If one wants to discipline a city to make payments into the retirement funds responsibly, the unfunded amount will be presented as large and certain for public consumption. This can easily slip into policy debate suggesting that pension benefits are unfairly high for public workers. In fact, the issue of fairness has to be assessed in the context of the comprehensive public employee compensation. This discussion can easily lead to poor policy decisions because of misinformation and bias based on a desired outcome.

Complex and Risky Financial Transactions

Many municipalities have entered into complex financial transactions that were poorly understood at inception and carry embedded risks that can be realized at times of fiscal stress. This is precisely what happened in Detroit. It had entered into hundreds of millions of dollars of extremely long term interest rate swaps that were subject to immediate termination as the credit of the city deteriorated. Termination required immediate payment of all projected profits that would be earned by the city’s bank counterparties had the swaps not been terminated, common swap termination requirement. The problem was that payment of these projected profits in a lump sum would make the cash flow position of the city completely untenable.

While derivatives such as interest rate swaps are common and risky, municipal finance is notorious for other forms of complex transactions. The simple fact that the interest on municipal debt is exempt from federal income taxation provides tremendous opportunity for complexity. Moreover, for political and governance purposes, municipalities often work through independent or affiliated authorities and agencies that are authorized to issue their own debt. This further adds to complexity.

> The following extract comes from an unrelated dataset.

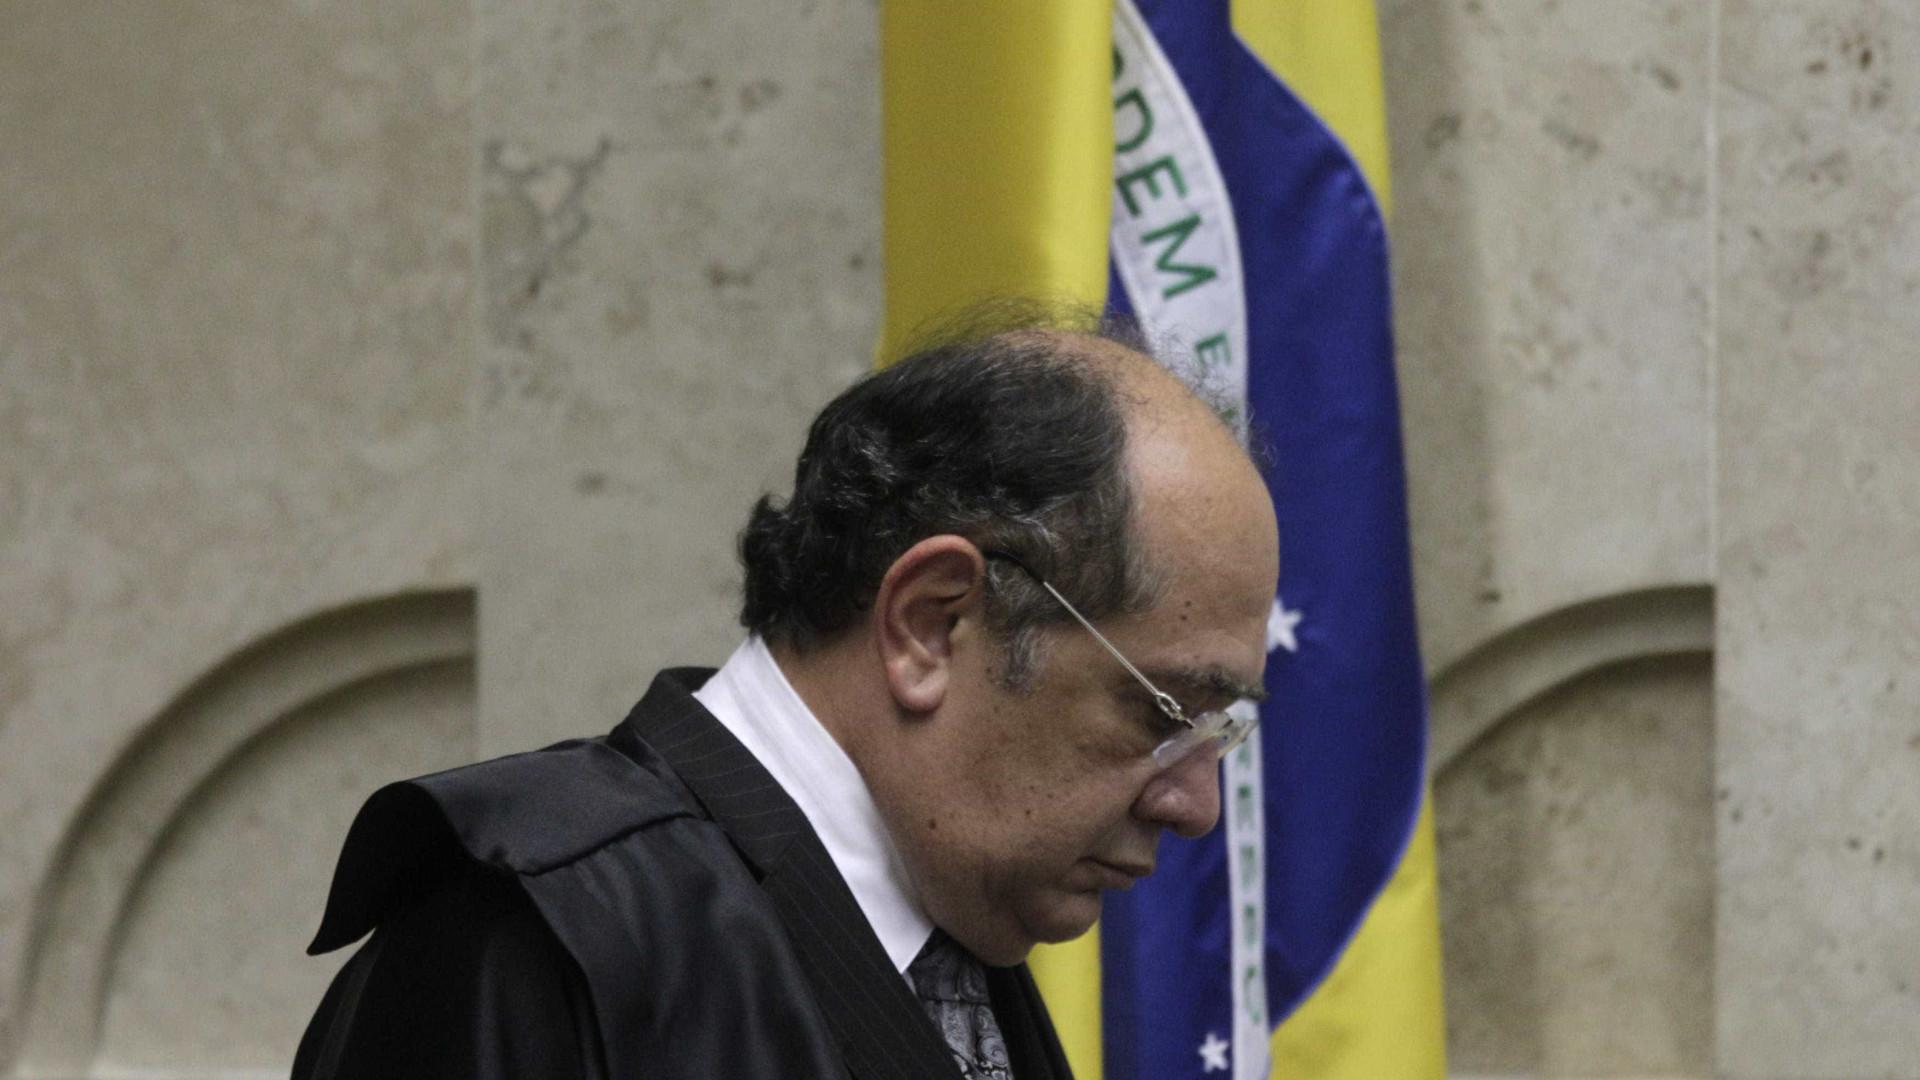 Gilmar Mendes minimiza crise de Temer e diz Lava Jato não é surpresa

Municipalities need to have an informed analysis of the risks associated with their capital financing structures. Financings are generally done one at a time with insufficient consideration of the overall set of risks taken on by the municipality. In addition, at the time of the financing, the party that is best positioned to understand the risks of the financing is most often the bank selling the idea to the municipality that is incented to make certain the deal goes through. This is true even when the municipality has an outside advisor because the level of sophistication of the banks so far exceeds that of the advisory profession. This analysis is also not accomplished through the audit process, which proceeds according to rules that could not possibly accommodate disclosure of complex risks.

Economic Development

Detroit, like many cities, gave large incentives such as tax breaks to procure investment in the downtown area. In times of stress, the overall effectiveness of such incentives can become a tremendous concern. Often, this is a legitimate criticism. Understanding what has worked to accomplish the policy goals and what has not is a difficult and perhaps impossible task. Moreover, whether or not the endeavor has had the hoped for simulative effects, public opinion will be suspicious of the potential for prior crony capitalism.